For Art Basel in 2019, Alemani commissioned Alexandra Pirici to stage a new iteration of Aggregate for the city's Messeplatz. The immersive work is a performative environment featuring more than 60 performers who move around the visitors, enacting gestures and sounds that reference disparate forms of cultural heritage, creating something like a time capsule.

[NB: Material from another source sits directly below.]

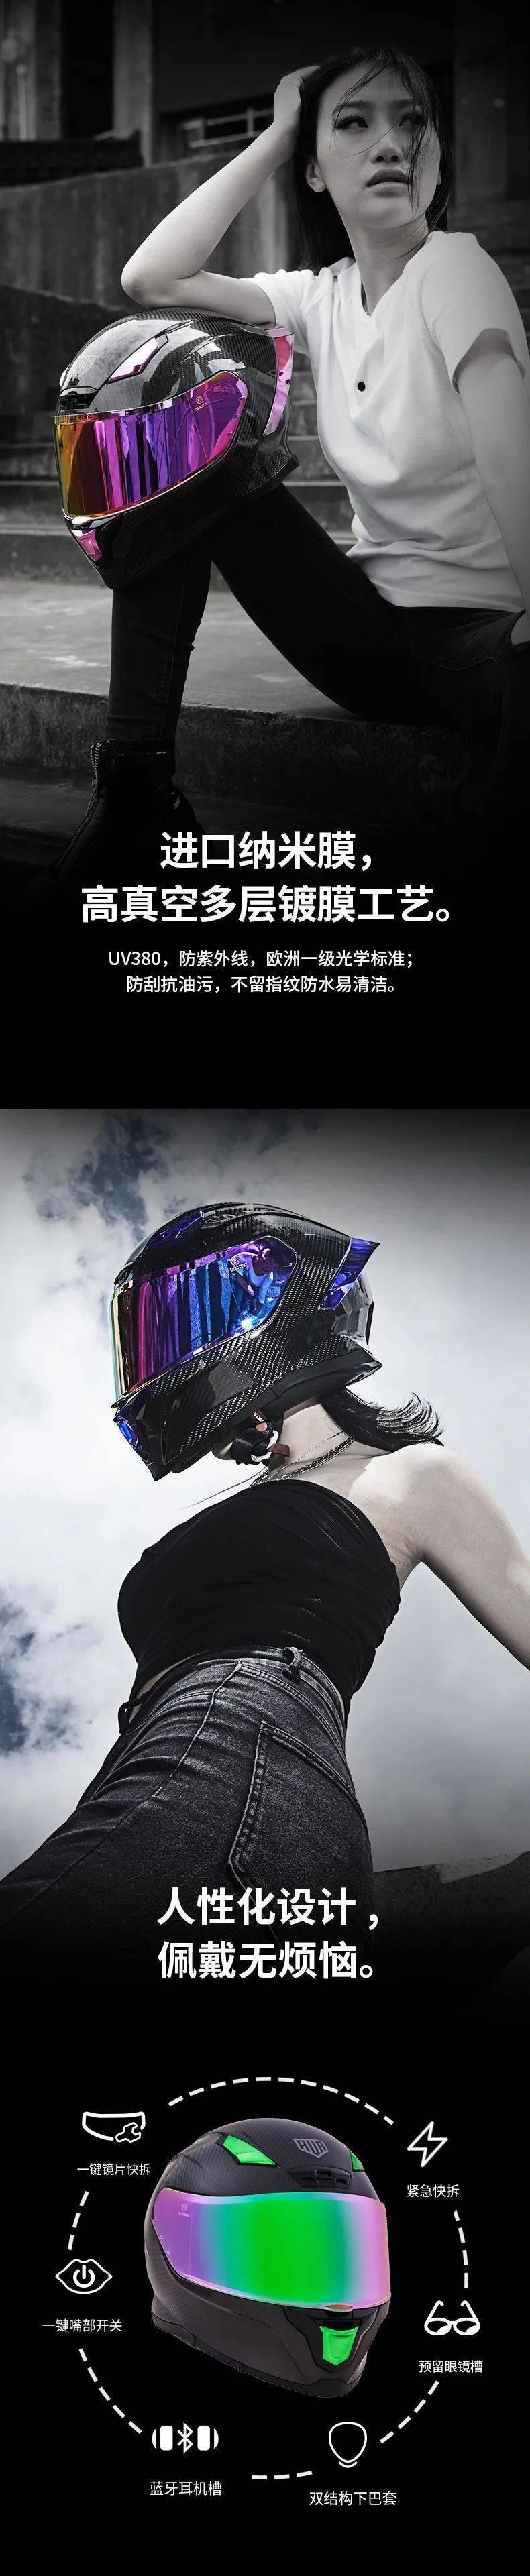 """如果让你头上顶着""""闪电""""骑车会不会很酷?这道""""闪电""""头盔不足3000元就可以买到-第12张图片-春风行摩托车之家"""

===High Line, 2011–present===
Since 2011, Alemani has overseen the High Line Art Program, developing an expertise in commissioning and producing ambitious artworks for public and unusual spaces. During her tenure at the High Line, she has commissioned major projects by El Anatsui, Carol Bove, Rashid Johnson, Barbara Kruger, Faith Ringgold, Ed Ruscha, and Adrián Villar Rojas, among other artists. She has also organized group exhibitions featuring works by young and emerging artists, including Firelei Báez, Jon Rafman, Max Hooper Schneider, and Andra Ursuta. Recently, Alemani spearheaded the High Line Plinth, a new program featuring monumental artworks that commenced in June 2019 with Brick House, a sculpture by artist Simone Leigh. Through these public initiatives, Alemani has sought meaningful civic engagement by galvanizing dialogue, awareness, and a sense of possibility.

===Venice Biennale, 2022===
In response to her appointment as the Curator and artistic director of the 59th Venice Biennale in 2022, Alemani commented that “as the first Italian woman to hold this position, I understand and appreciate the responsibility and also the opportunity offered to me,” adding, “I intend to give voice to artists to create unique projects that reflect their visions and our society."

== Other activities ==
Alemani was part of the juries that awarded the 2024 Preis der Nationalgalerie to Pan Daijing, Daniel Lie, Hanne Lippard and James Richards; the 2023 Future Generation Art Prize to Ashfika Rahman; and the 2025–27 Max Mara Art Prize for Women to Dian Suci.

== Personal life ==
Alemani is married to Massimiliano Gioni, an Italian curator and contemporary art critic. The couple has one son together and reside in the East Village, Manhattan in New York City.

== Writing ==
Alemani has written extensively for various publications, including Artforum.com and Mousse Magazine, and has a weekly column in D, Repubblica as of October 2019. She has authored, co-authored, edited or contributed entries to a number of books.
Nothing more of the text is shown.